A distribuição constitucional das competências públicas impõe a compreensão de toda a sociedade e dos agentes de segurança de que cabe ao Judiciário observar o devido processo legal e o contraditório para fazer o controle da legalidade da persecução criminal, agindo apenas por provocação e a partir do caso concreto.

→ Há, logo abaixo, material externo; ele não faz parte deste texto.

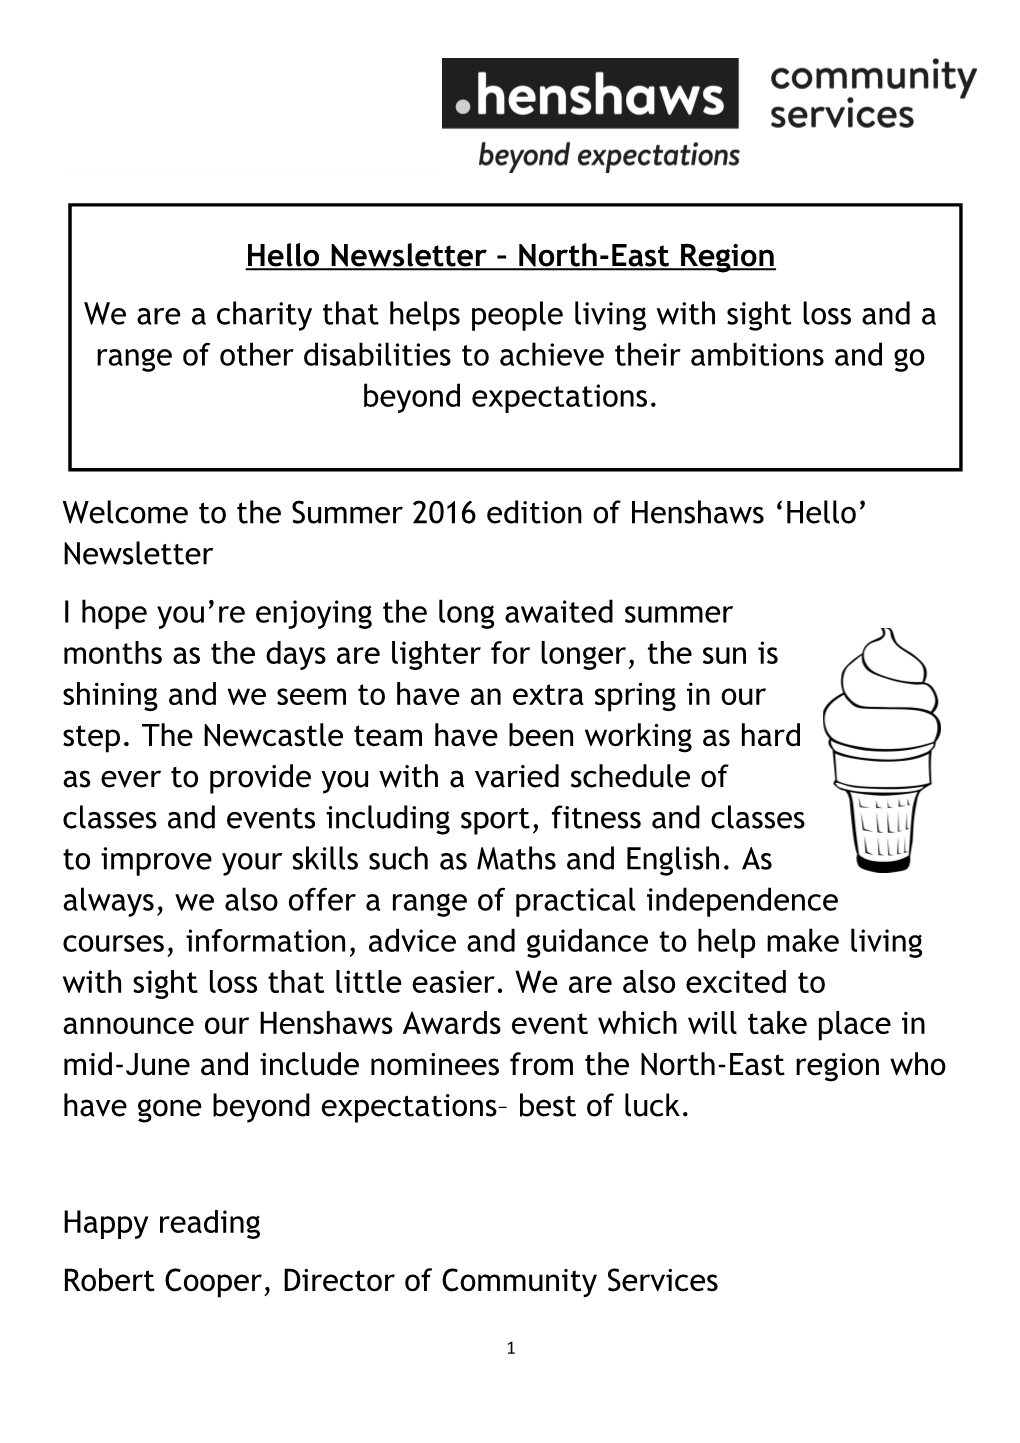 Hello Newsletter North-East Region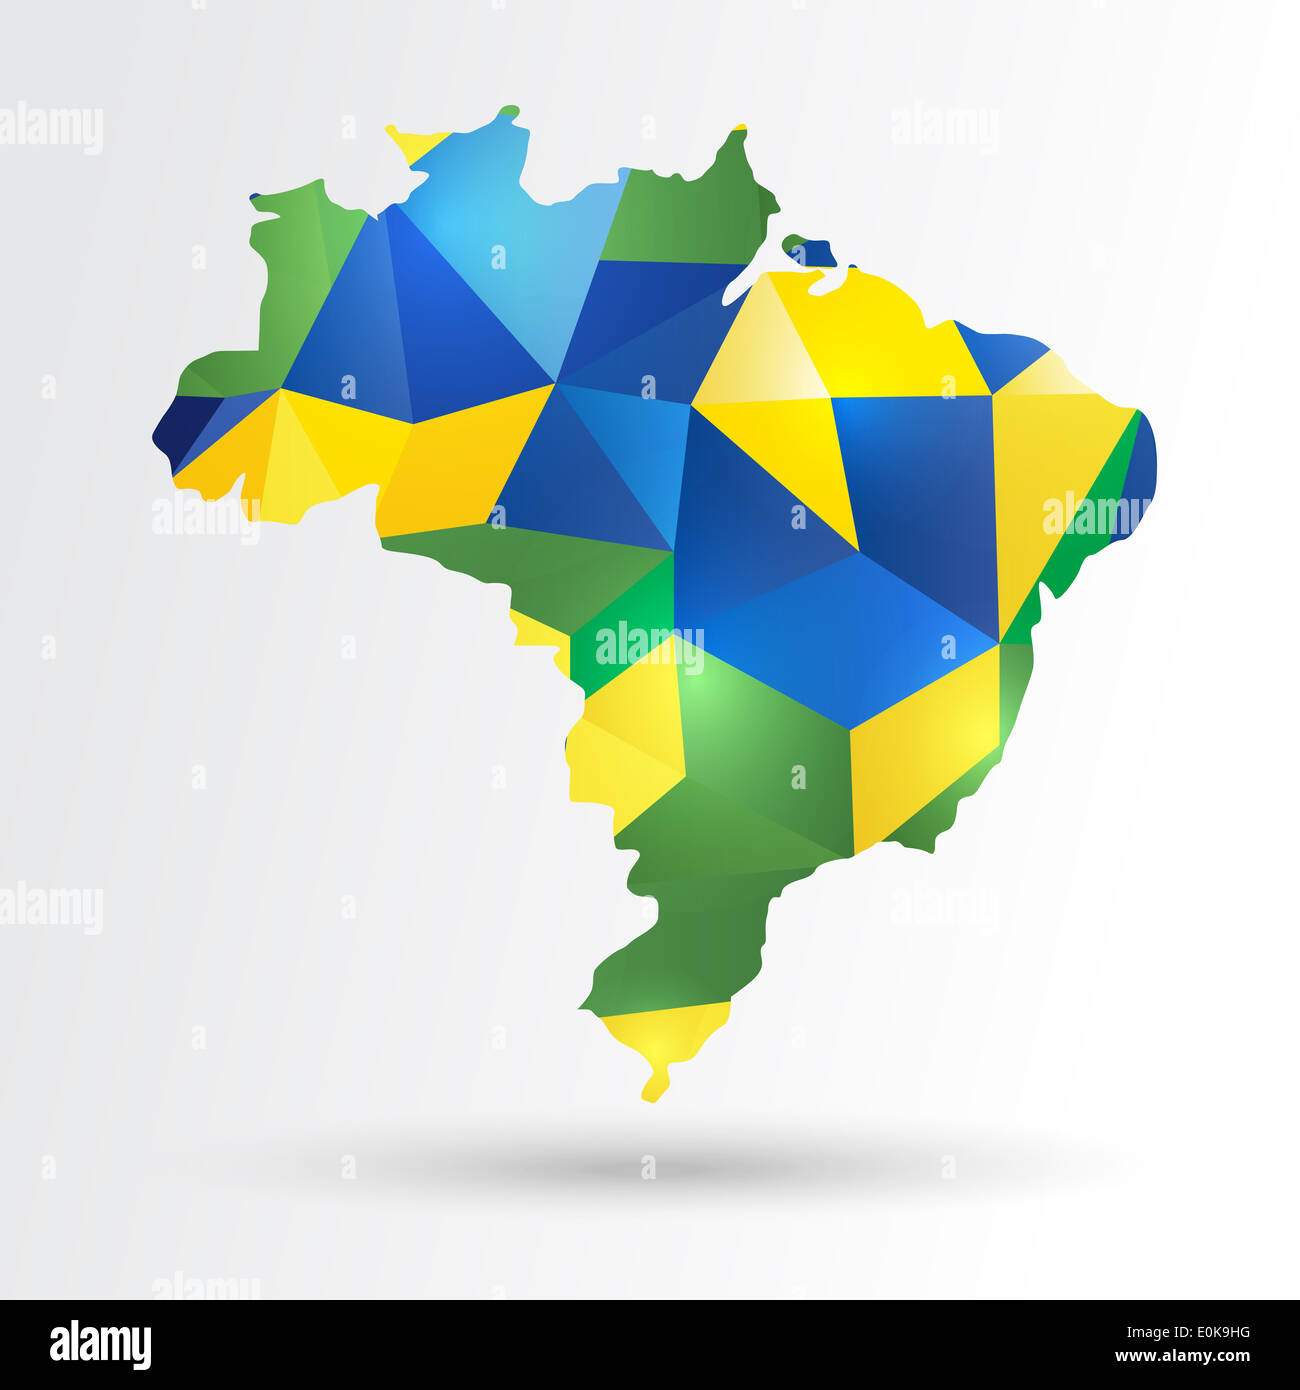 Resumen colorido Mapa de Brasil. EPS10 vector con transparencia organizados en capas para facilitar su edición. Foto de stock

É de responsabilidade do Poder Executivo planejar, debater com a sociedade e executar uma política pública de segurança, aliada a outras diversas formas de intervenção na organização social, para frear e combater o aumento da criminalidade.  Também é sua atribuição, através da polícia judiciária equipada e com capital humano valorizado, investigar com profundidade os crimes, especialmente os mais graves, levando à apreciação do Poder Judiciário inquéritos bem instruídos e em tempo hábil.

O Executivo precisa urgentemente resolver os problemas que assolam o sistema prisional superlotado e que geram efeitos nefastos para a sociedade.

Desde 2006, decisões judiciais que determinam a transferência de apenados para o regime semiaberto e aberto vem sendo desatendidas sistematicamente, situação que se agrava a cada ano. Por conta disso, ¾ dos apenados que deveriam estar cumprindo pena em estabelecimento adequado, ficam em liberdade, sem a vigilância compatível com o seu regime de cumprimento da pena, pois não há tornozeleiras disponíveis.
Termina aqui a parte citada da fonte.